Fed Beige Book: “Economic Activity Contracted Sharply And Abruptly Across All Regions”

Wednesday, April 15, 2020
By Paul Martin

by Tyler Durden
ZeroHedge.com
Wed, 04/15/2020

There was only bad news in the latest Fed Beige Book.

After years of “modest” and “moderate” growth across the US, in the latest Fed Beige Book released this afternoon, the assessment of the economy downgraded sharply with the Fed reporting that “Economic activity contracted sharply and abruptly across all regions in the United States as a result of the COVID-19 pandemic” with the hardest-hit industries—because of social distancing measures and mandated closures— were leisure and hospitality, and retail aside from essential goods.

To be sure, this will hardly come as a surprise to anyone who has looked at the latest US macro surprise index, which just suffered its biggest 4-week crash on record.

Looking at specific industries, most Districts reported declines in manufacturing, but cited significant variation across industries, according to the report. Producers of food and medical products reported strong demand but faced both production delays, due to infection-prevention measures, and supply chain disruptions. Other manufacturing industries, such as autos, mostly shut down.

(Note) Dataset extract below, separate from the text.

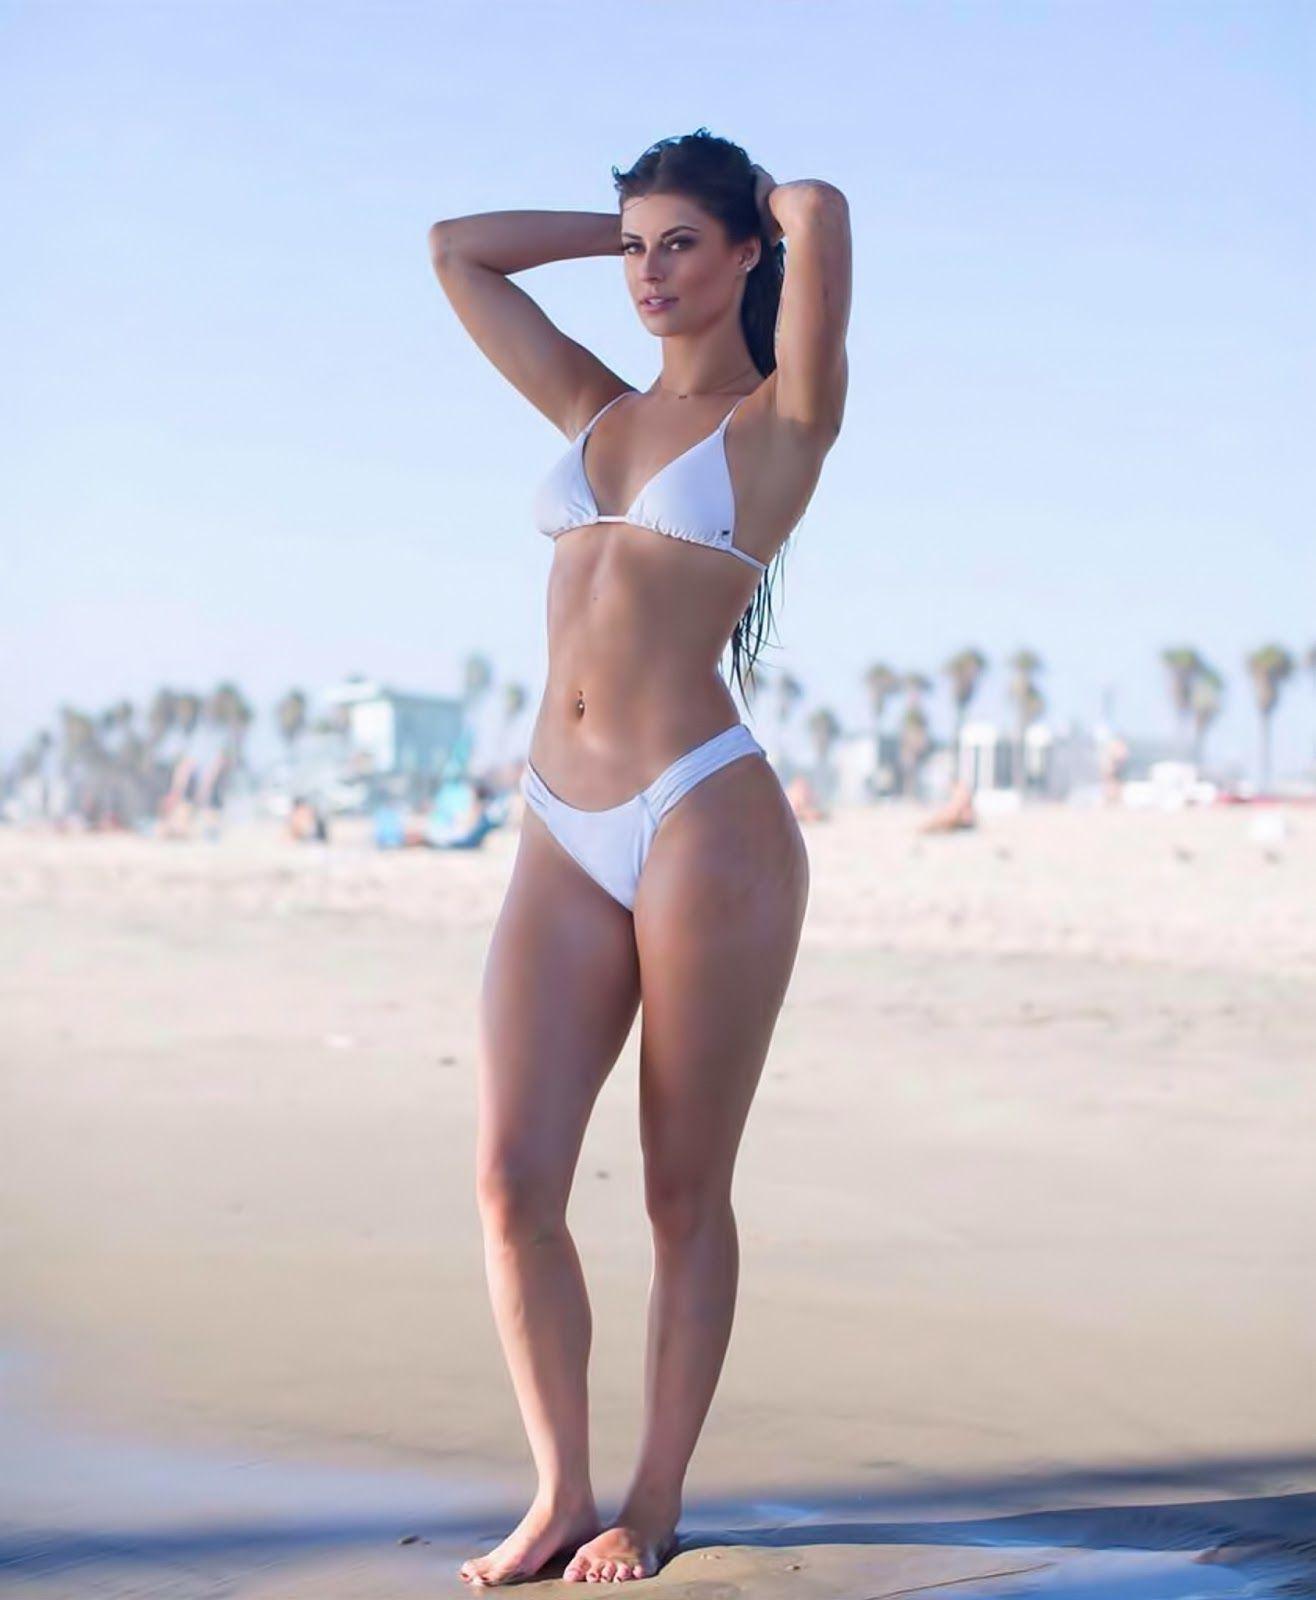 Bikini Beatrice Pons naked (53 photo) Sexy, Facebook, in bikini

The energy sector, suffering from low prices, reduced investment and output.

All Districts reported highly uncertain outlooks among business contacts, with most expecting conditions to worsen in the next several months.

One particularly ominous observation was that all districts reporting on loan demand said it was high, both from companies accessing credit lines and from households refinancing mortgages. This is hardly a surprise at a time when a record $300+ billion in revolvers were drawn down and as small and medium business rushed to obtain funding in lieu of cash flow. This manifested itself in a record $500 billion surge in loans and leases in just the past two weeks.

Contrary to some superficial observations, this is not a “good” thing as it means that hundreds of billions in new loans may soon turn sour unless the economy recovers quickly, and with banks credit loss provisions already surging, those numbers are only going to increase in the coming weeks, further impairing US banks.